╔══
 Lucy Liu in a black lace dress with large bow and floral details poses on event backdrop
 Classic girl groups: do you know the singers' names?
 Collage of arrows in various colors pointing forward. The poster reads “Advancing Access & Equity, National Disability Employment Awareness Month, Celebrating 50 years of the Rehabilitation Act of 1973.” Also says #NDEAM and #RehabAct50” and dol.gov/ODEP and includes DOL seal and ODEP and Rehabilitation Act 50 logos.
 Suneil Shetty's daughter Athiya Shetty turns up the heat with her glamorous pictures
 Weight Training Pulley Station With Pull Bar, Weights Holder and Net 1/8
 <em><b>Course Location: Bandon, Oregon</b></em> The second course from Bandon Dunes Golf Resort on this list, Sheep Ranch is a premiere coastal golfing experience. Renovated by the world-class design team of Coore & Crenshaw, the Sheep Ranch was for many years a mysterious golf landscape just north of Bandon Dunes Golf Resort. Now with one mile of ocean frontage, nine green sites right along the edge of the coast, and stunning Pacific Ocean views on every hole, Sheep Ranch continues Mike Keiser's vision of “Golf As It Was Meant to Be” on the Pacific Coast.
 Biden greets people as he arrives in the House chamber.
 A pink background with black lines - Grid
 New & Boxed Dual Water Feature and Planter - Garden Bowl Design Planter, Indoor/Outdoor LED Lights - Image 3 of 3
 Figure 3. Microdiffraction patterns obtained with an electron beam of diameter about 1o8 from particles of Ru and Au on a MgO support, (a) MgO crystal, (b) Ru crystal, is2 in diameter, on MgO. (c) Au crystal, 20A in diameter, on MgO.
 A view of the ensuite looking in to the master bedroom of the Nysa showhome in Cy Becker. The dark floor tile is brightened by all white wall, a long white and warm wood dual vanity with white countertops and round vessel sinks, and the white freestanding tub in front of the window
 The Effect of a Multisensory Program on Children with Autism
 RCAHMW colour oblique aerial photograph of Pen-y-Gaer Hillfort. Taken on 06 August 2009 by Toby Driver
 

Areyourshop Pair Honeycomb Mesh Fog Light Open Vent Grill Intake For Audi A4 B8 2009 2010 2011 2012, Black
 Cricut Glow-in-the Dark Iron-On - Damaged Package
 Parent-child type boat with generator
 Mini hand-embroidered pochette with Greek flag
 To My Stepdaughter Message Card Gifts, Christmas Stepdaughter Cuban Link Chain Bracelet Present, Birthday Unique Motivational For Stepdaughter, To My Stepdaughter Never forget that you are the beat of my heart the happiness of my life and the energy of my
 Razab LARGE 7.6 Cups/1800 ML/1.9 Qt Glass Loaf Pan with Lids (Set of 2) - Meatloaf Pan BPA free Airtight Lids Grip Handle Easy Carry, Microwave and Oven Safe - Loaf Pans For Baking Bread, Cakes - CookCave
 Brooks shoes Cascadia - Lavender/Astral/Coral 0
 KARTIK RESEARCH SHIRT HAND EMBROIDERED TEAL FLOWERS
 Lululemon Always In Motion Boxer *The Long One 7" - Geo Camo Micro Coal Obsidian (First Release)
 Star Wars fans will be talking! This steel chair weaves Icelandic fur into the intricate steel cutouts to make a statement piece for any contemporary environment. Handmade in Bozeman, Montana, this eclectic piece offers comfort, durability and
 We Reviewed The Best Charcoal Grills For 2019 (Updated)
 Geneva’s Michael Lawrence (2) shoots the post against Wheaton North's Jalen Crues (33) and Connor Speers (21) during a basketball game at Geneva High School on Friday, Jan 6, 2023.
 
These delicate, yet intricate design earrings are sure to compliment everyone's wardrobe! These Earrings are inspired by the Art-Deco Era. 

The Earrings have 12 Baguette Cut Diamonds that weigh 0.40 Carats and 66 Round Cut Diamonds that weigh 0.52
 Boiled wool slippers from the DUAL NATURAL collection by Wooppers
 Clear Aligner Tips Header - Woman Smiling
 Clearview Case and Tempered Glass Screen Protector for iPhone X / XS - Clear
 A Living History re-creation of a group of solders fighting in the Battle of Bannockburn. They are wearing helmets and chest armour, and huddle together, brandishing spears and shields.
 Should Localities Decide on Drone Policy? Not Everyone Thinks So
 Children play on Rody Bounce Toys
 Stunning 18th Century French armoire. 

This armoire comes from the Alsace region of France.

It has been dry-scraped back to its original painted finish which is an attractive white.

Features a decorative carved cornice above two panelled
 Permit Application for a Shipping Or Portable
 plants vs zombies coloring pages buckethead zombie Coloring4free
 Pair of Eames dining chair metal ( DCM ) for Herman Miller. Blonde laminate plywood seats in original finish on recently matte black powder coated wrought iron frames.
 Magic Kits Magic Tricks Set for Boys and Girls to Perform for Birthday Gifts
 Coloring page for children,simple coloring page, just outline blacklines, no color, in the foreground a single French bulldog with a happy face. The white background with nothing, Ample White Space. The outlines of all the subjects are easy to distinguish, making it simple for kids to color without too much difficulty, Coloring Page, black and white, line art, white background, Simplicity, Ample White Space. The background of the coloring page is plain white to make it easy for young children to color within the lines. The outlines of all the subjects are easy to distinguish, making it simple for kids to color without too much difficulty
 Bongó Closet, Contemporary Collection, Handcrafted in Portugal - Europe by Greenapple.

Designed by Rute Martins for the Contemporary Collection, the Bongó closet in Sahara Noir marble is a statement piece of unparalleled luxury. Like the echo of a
╚══
• _Exercise description_
Reproduce the entries above exactly, but only the lines between the line holding "It has been" and the line holding "plants vs zombies", inclusive.

• _Completed exercise_
It has been dry-scraped back to its original painted finish which is an attractive white.

Features a decorative carved cornice above two panelled
 Permit Application for a Shipping Or Portable
 plants vs zombies coloring pages buckethead zombie Coloring4free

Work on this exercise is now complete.